* PROBLEM DESCRIPTION *
Restate each of the lines below word for word and drop every picture.

* DATA *
- - - - - - -

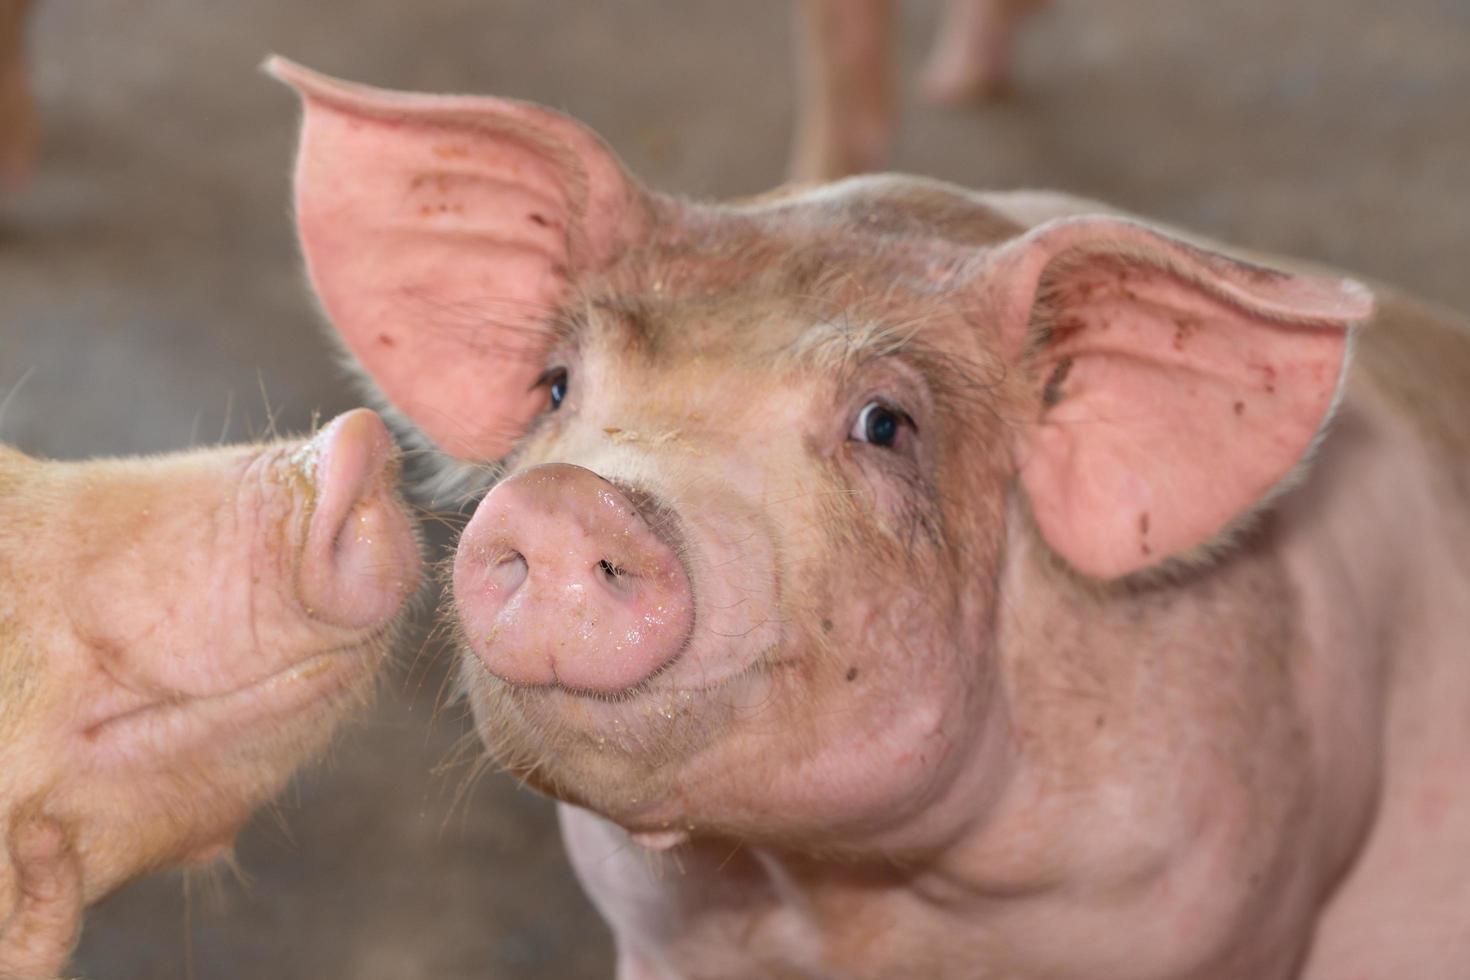 grupp av gris den där utseende friska i lokal- asean gris bruka på boskap. de begrepp av standardiserats och rena jordbruk utan lokal- sjukdomar eller betingelser den där påverka gris tillväxt eller fruktsamhet foto
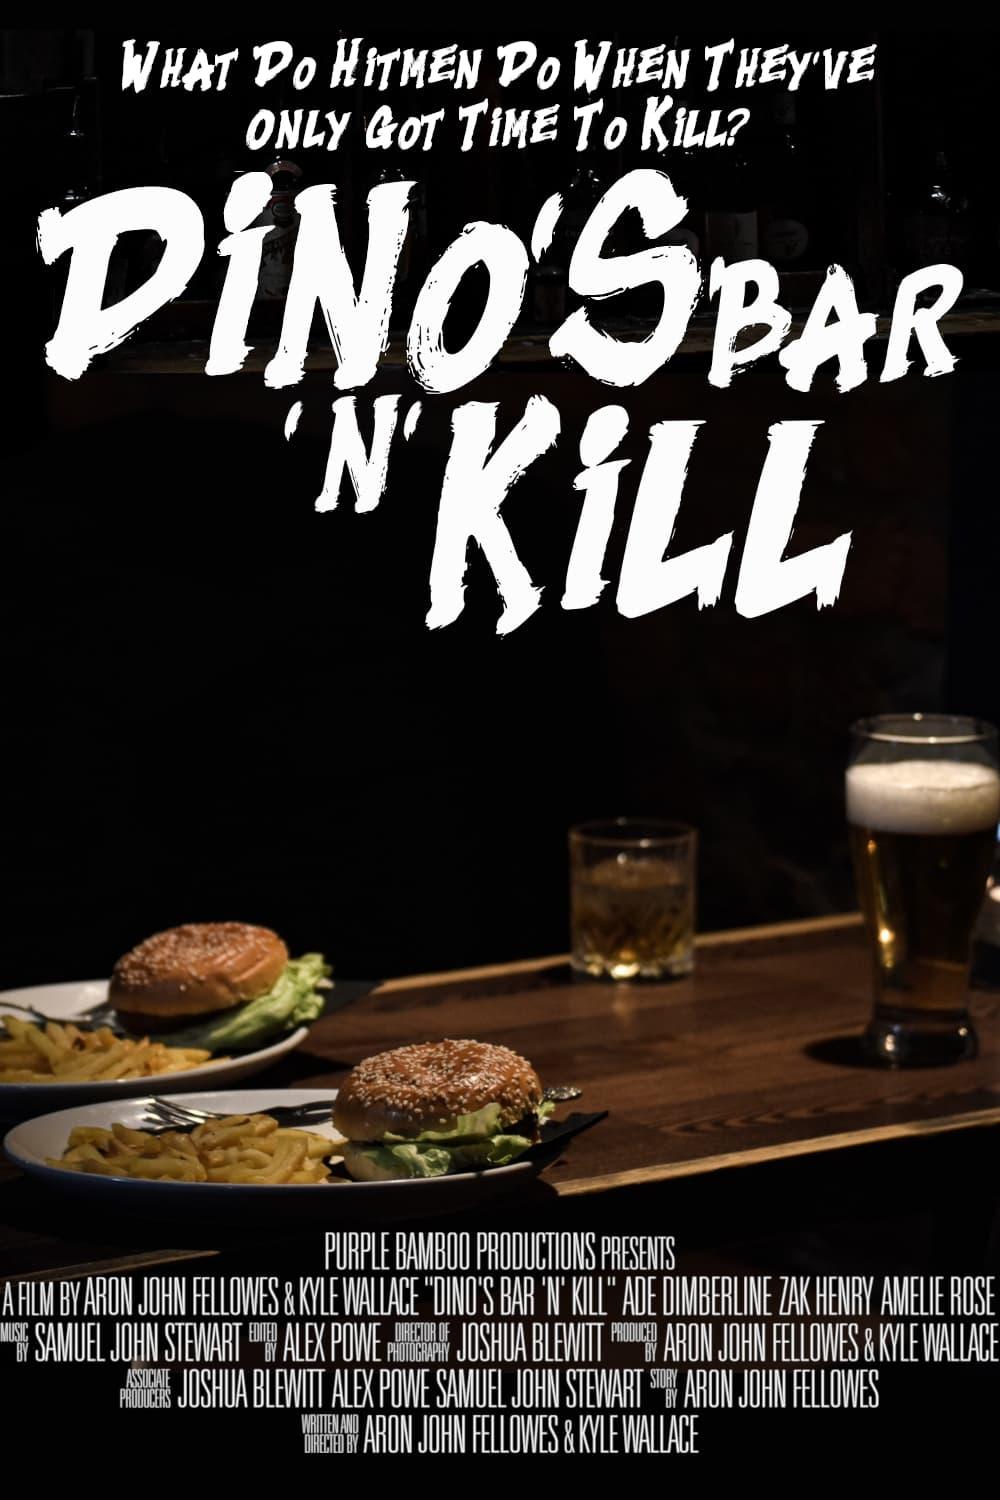 Dino's Bar 'n' Kill poster
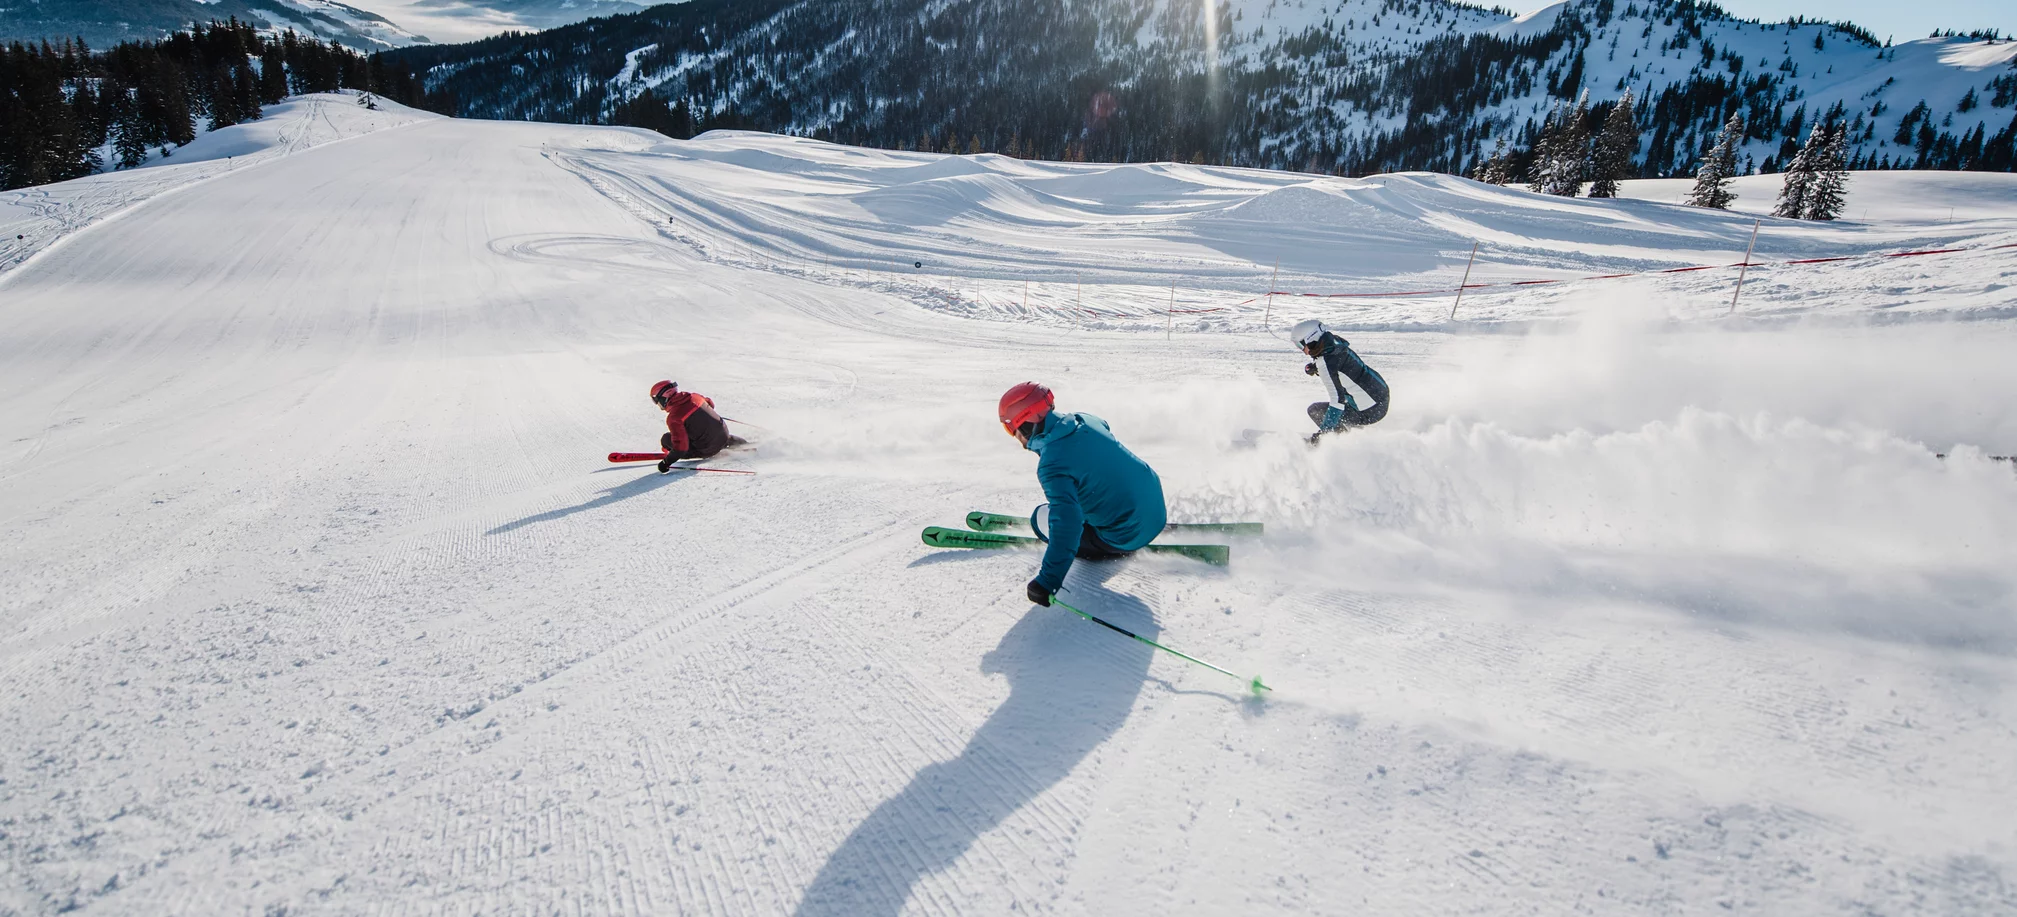 Ski amadé Season pass : Season pass & discounts in advance

- - - - - - -

* ANSWER FOR THIS EXERCISE *
 grupp av gris den där utseende friska i lokal- asean gris bruka på boskap. de begrepp av standardiserats och rena jordbruk utan lokal- sjukdomar eller betingelser den där påverka gris tillväxt eller fruktsamhet foto
 Dino's Bar 'n' Kill poster
 Ski amadé Season pass : Season pass & discounts in advance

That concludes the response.